Independent sample t-test was adopted for analysis of quantitative data and Chi-square test and Fisher exact test were adopted for the analysis of the qualitative data. Correlation between two quantitative variables was done by using Pearson’s correlation coefficient. Correlation coefficient ranges from 0 to 1: weak (r = 0 0.24), fair (r = 0.25–0.49), moderate (r = 0.5–0.74), strong (r = 0.75–1.0).

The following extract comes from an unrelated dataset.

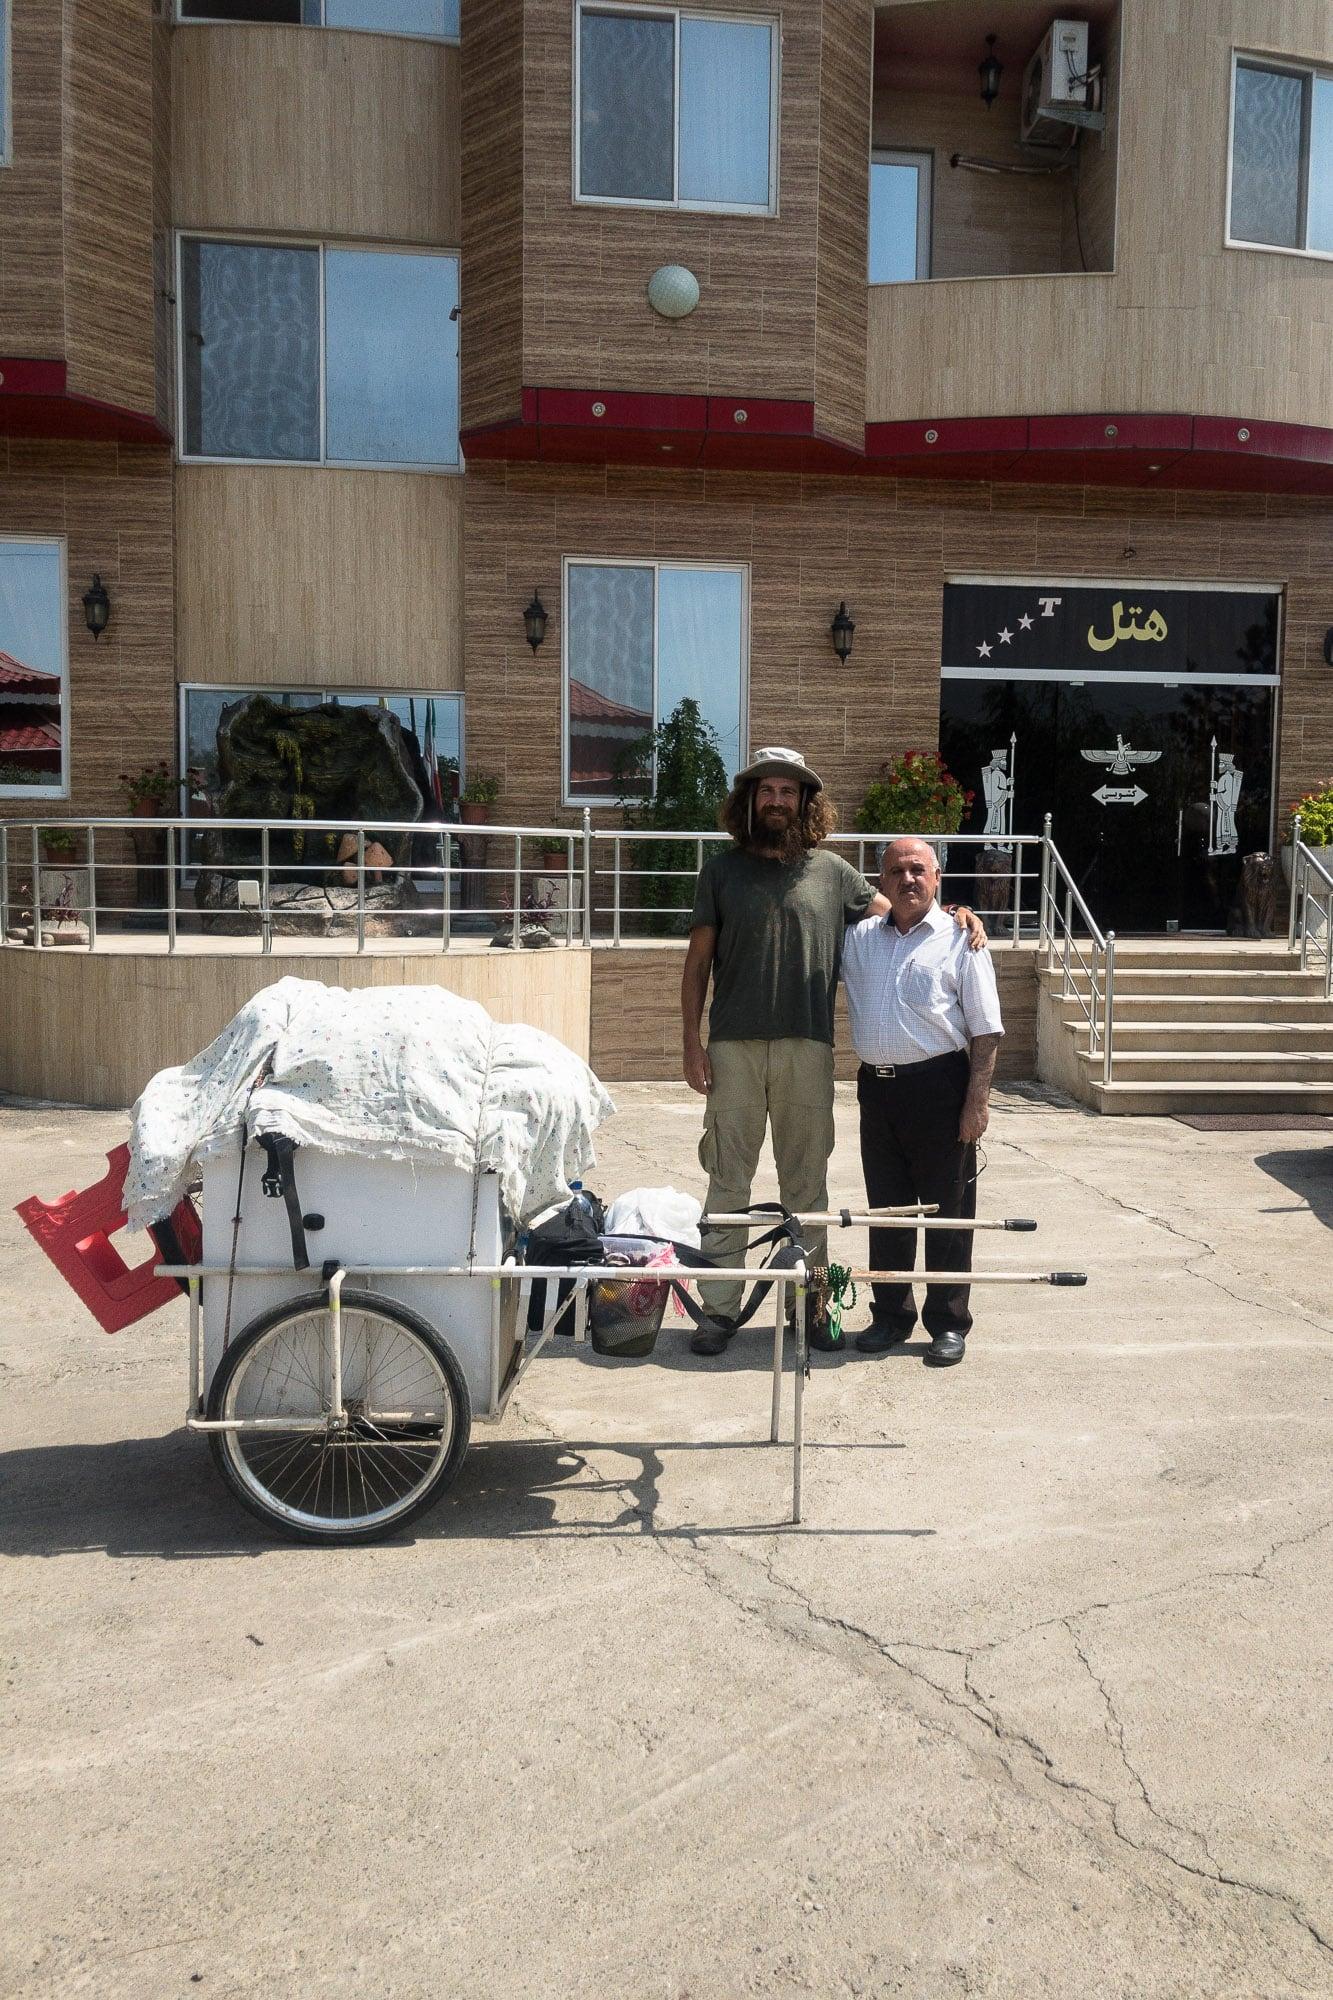 Persian hotel owner

P-value < 0.05 is considered significant and < 0.001 is highly significant.
Results
Baseline Characteristics
Data of 44 eyes of 44 patients having early/mild non-proliferative diabetic retinopathy and 30 eyes of 30 age- and gender-matched healthy controls were quantitatively evaluated and compared for the quantitative FAZ parameters, microvascular changes, and visual acuity. There was no significant difference between groups regarding age and gender (p = 0.17 and 0.26, respectively). Best-corrected visual acuity was significantly less in patients (p = 0.01). Central macular thickness was increased in patients compared to controls (p = 0.002).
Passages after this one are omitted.